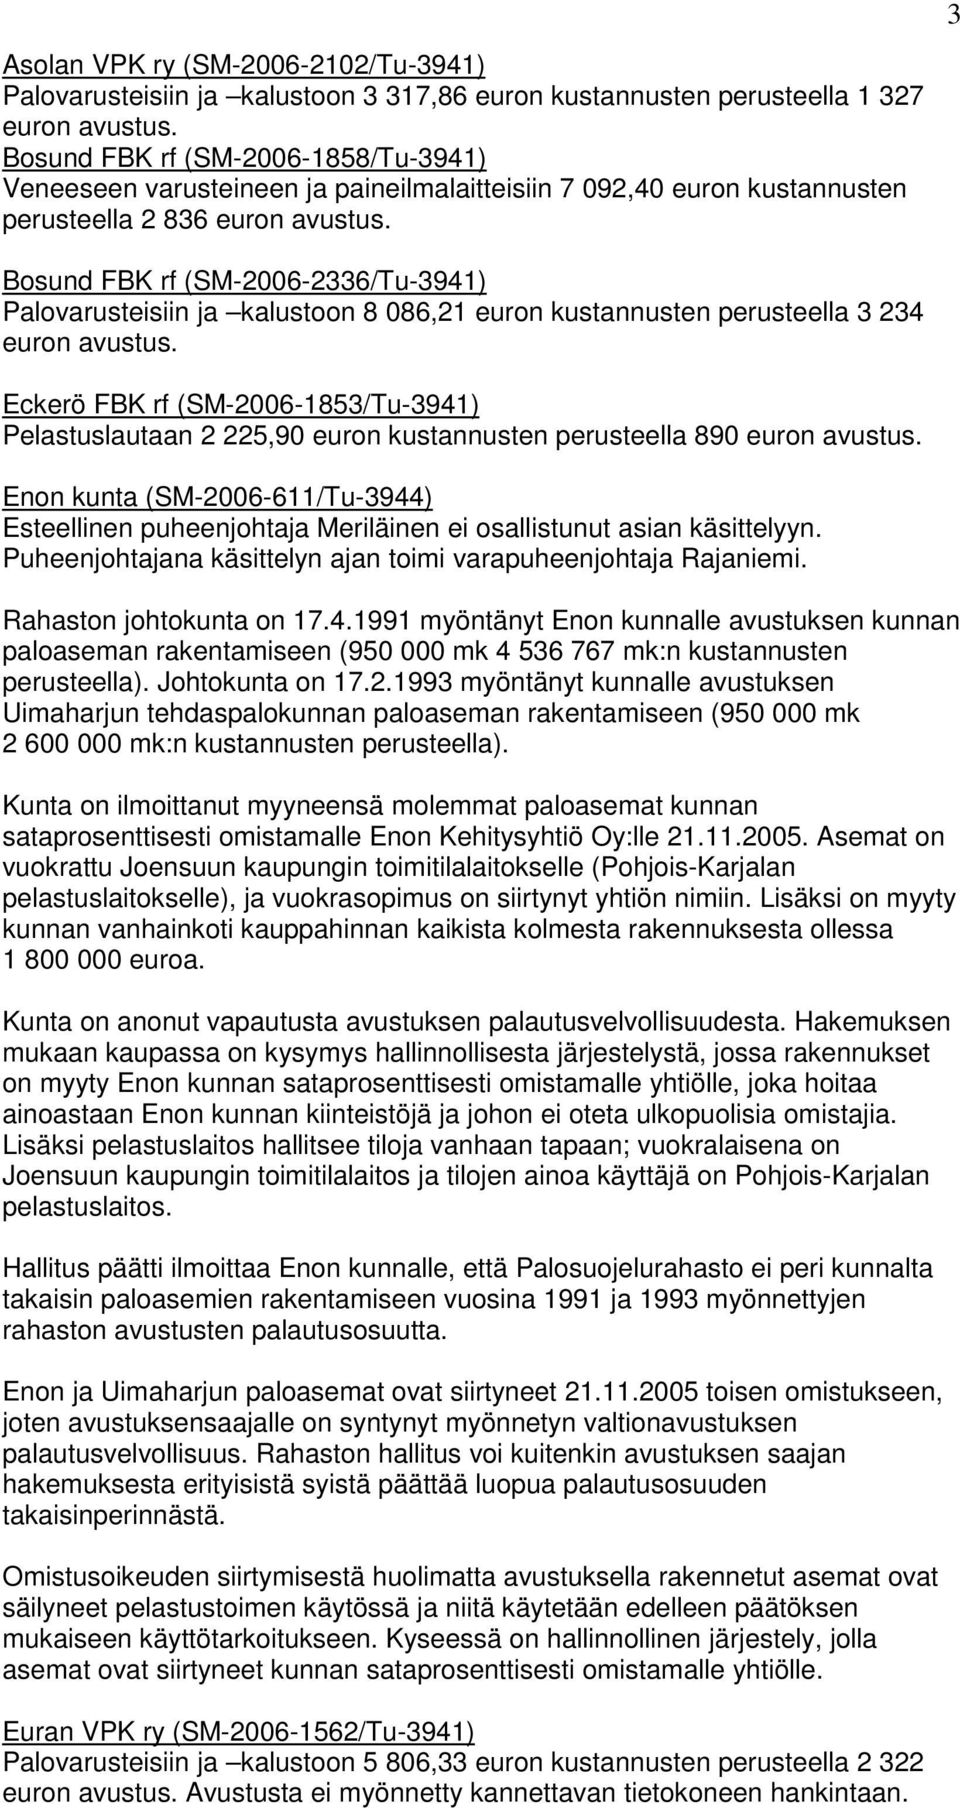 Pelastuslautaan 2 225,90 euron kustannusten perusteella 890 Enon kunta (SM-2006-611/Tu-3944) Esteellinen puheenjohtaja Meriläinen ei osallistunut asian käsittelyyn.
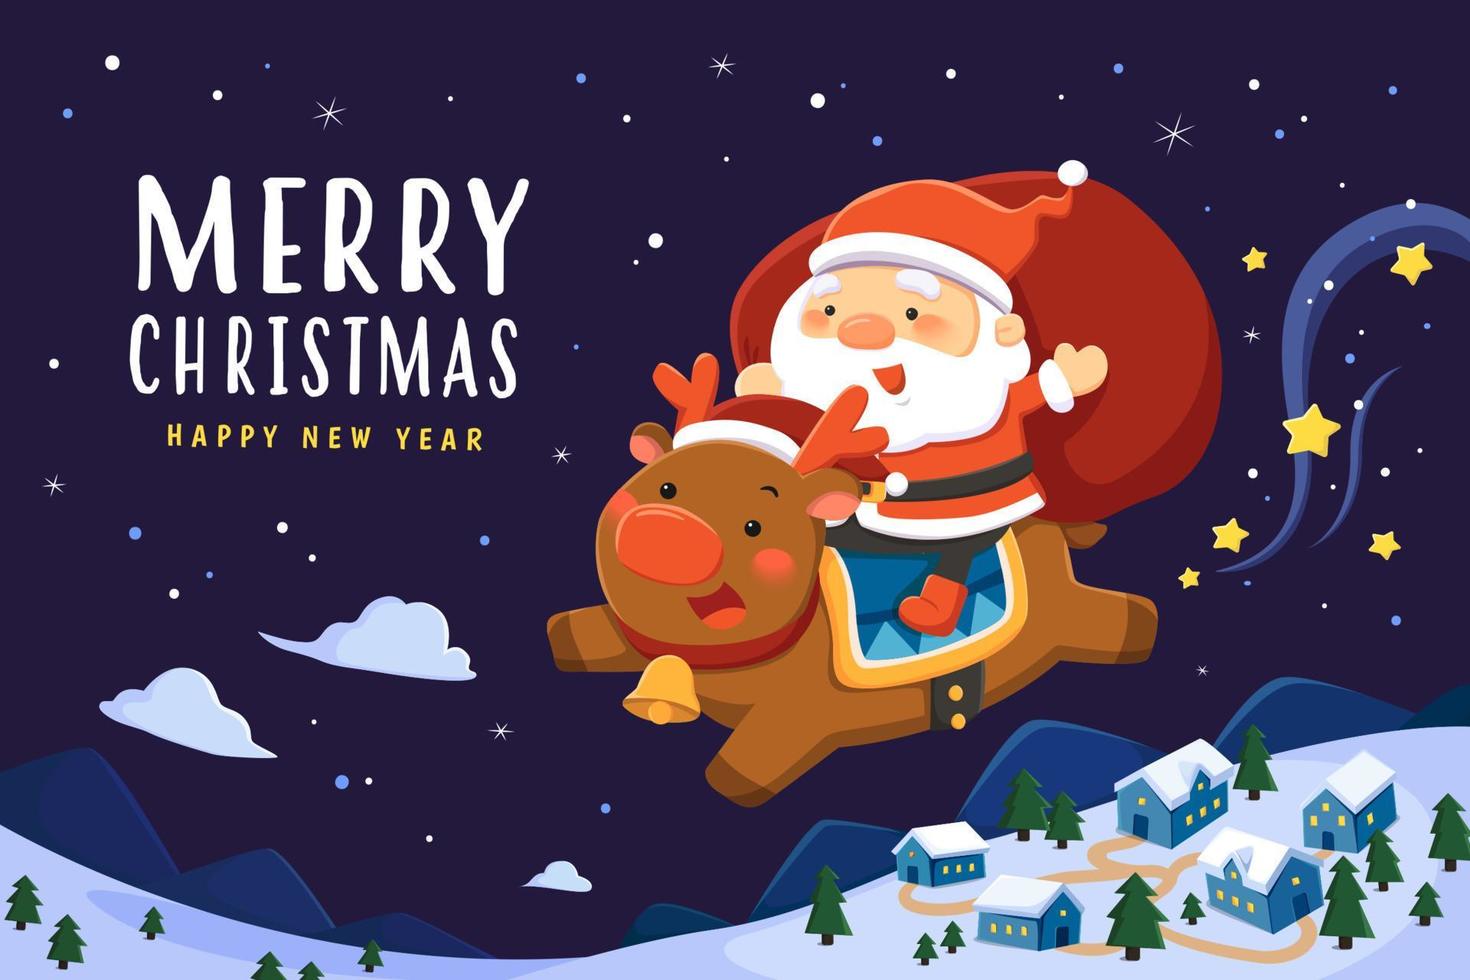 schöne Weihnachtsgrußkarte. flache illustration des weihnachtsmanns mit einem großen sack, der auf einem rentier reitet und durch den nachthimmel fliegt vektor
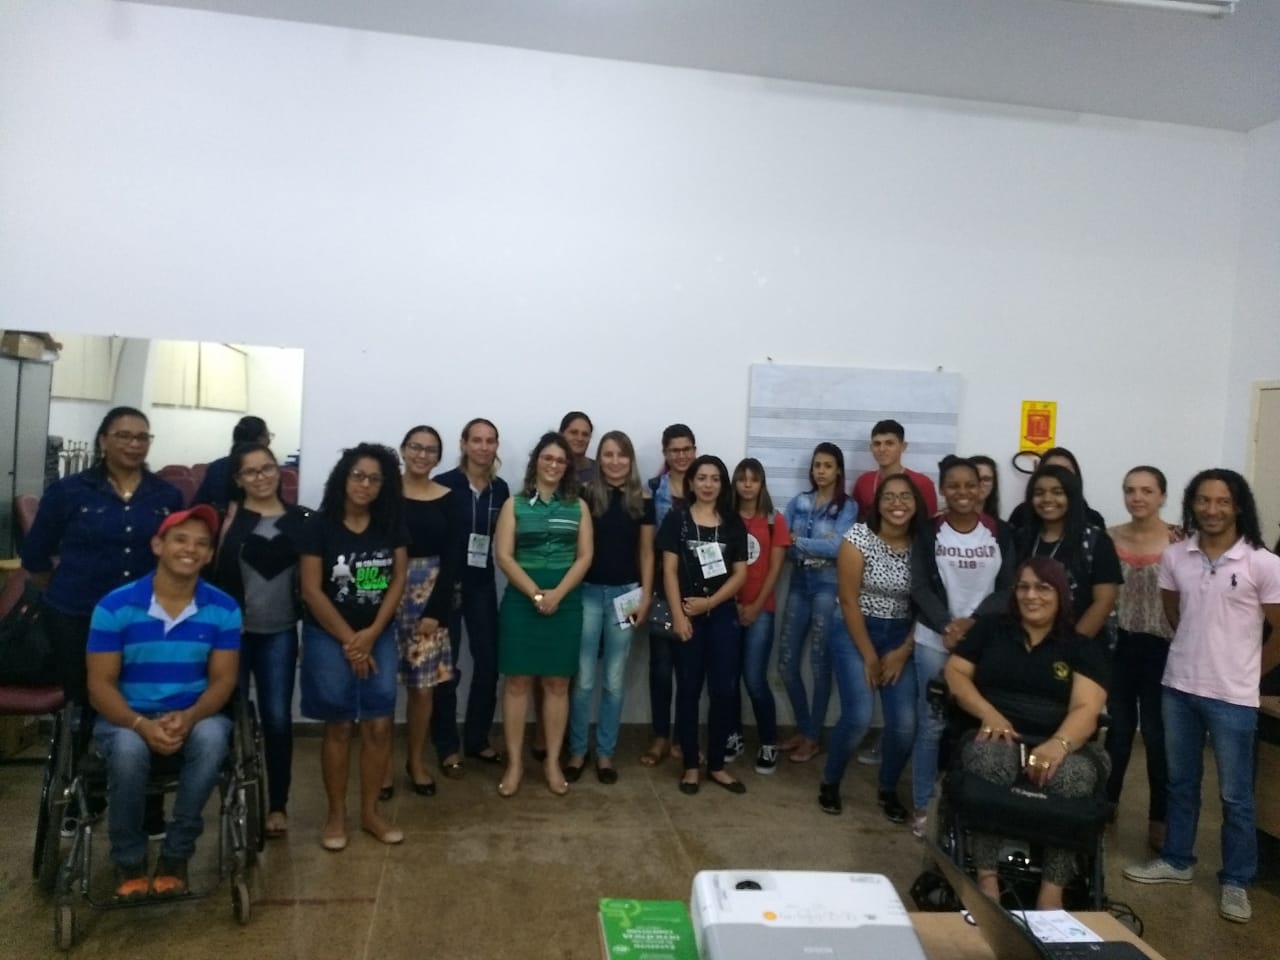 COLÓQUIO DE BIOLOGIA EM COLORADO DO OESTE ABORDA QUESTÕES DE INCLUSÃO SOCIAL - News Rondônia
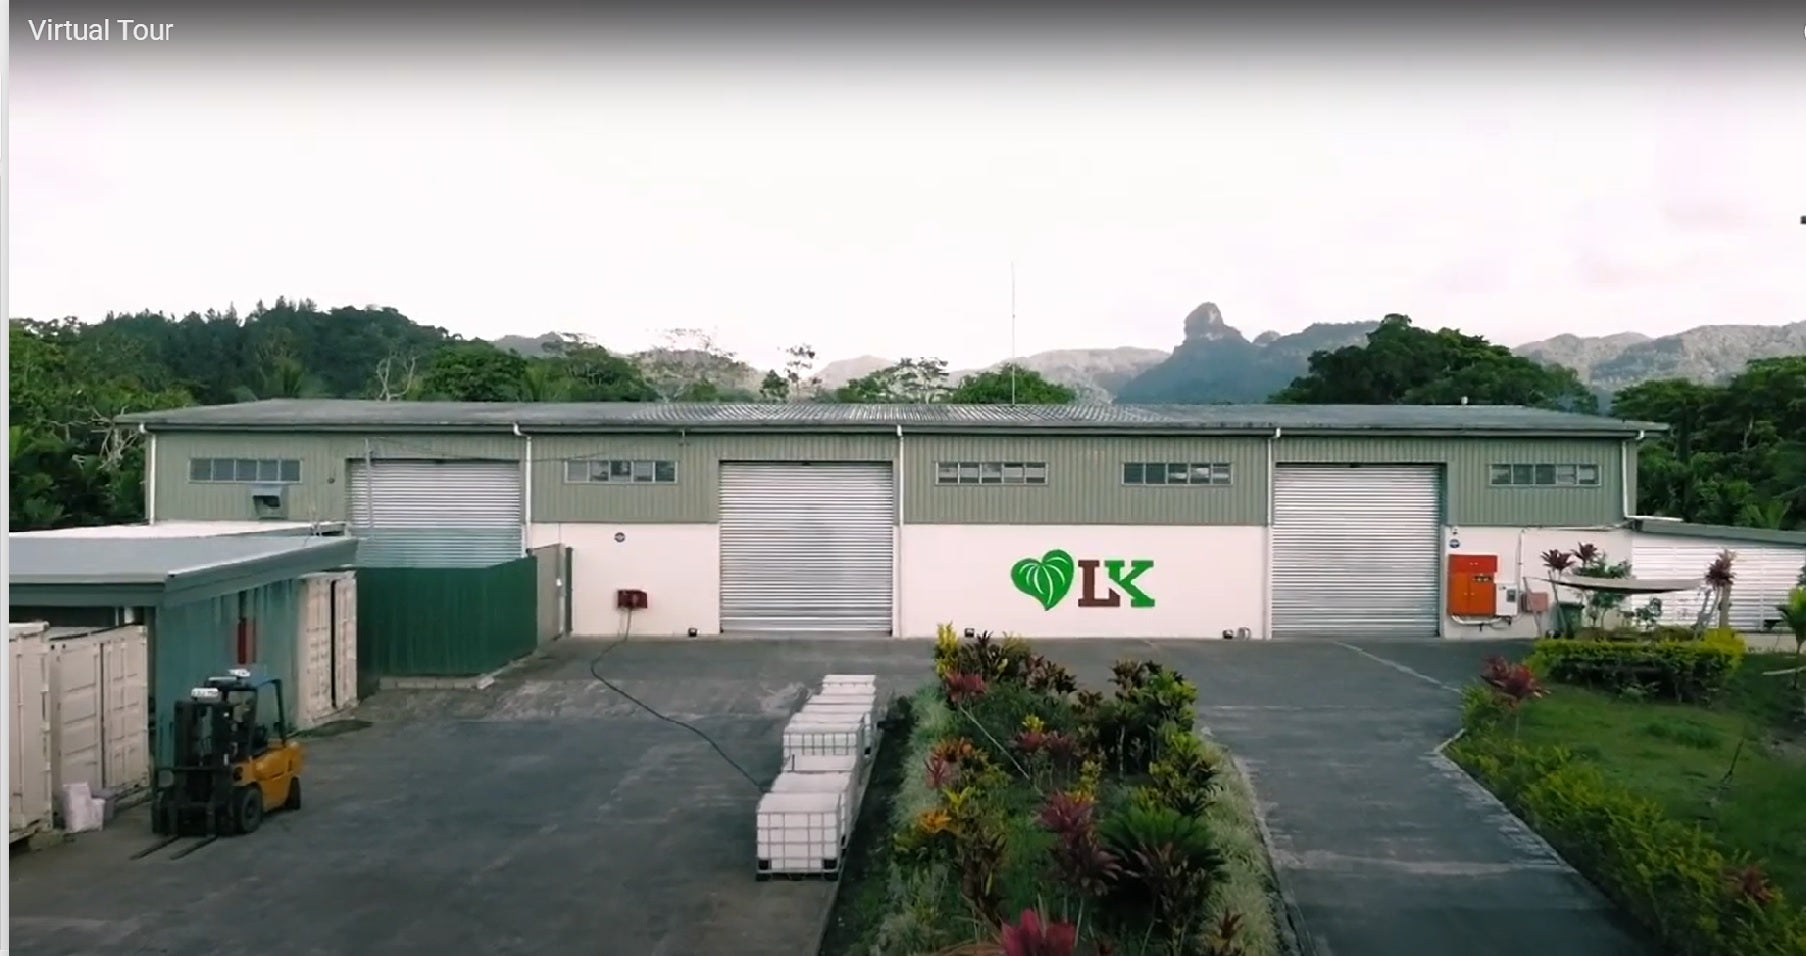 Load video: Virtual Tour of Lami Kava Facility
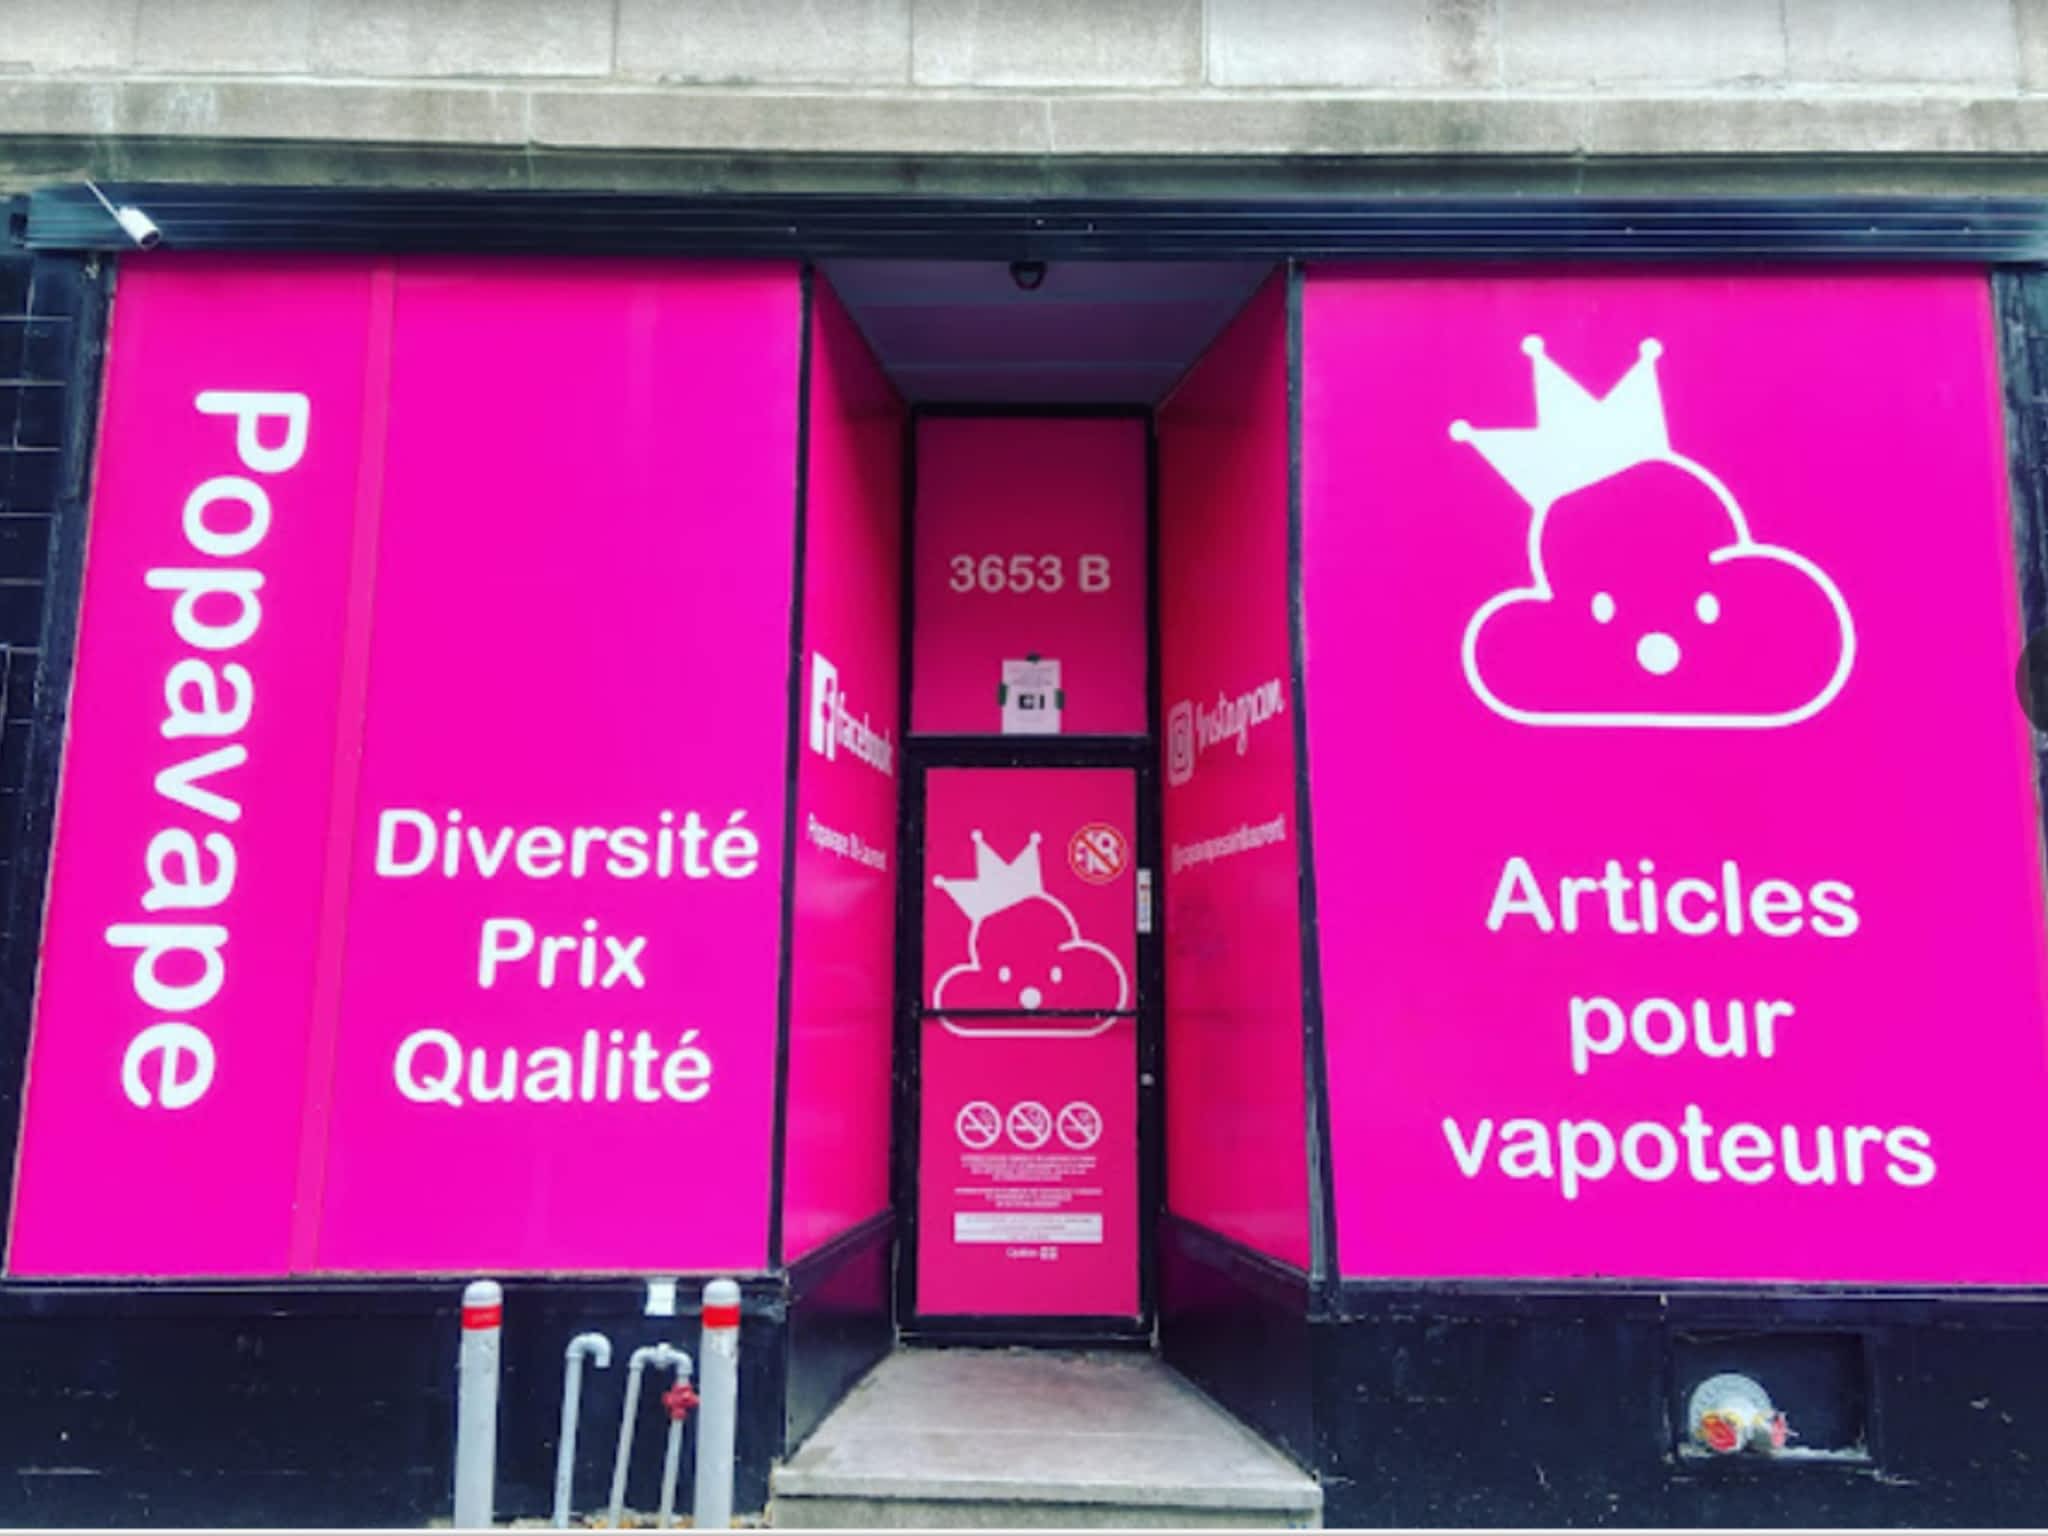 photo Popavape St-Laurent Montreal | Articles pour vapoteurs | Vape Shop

• _EXERCISE GOAL_:
Reproduce the records above exactly, but only from the line containing "COLÓQUIO DE BIOLOGIA" through the last line, both included, and without any pictures.

• _OUTPUT BELOW_:
 COLÓQUIO DE BIOLOGIA EM COLORADO DO OESTE ABORDA QUESTÕES DE INCLUSÃO SOCIAL - News Rondônia
 Load video: Virtual Tour of Lami Kava Facility
 photo Popavape St-Laurent Montreal | Articles pour vapoteurs | Vape Shop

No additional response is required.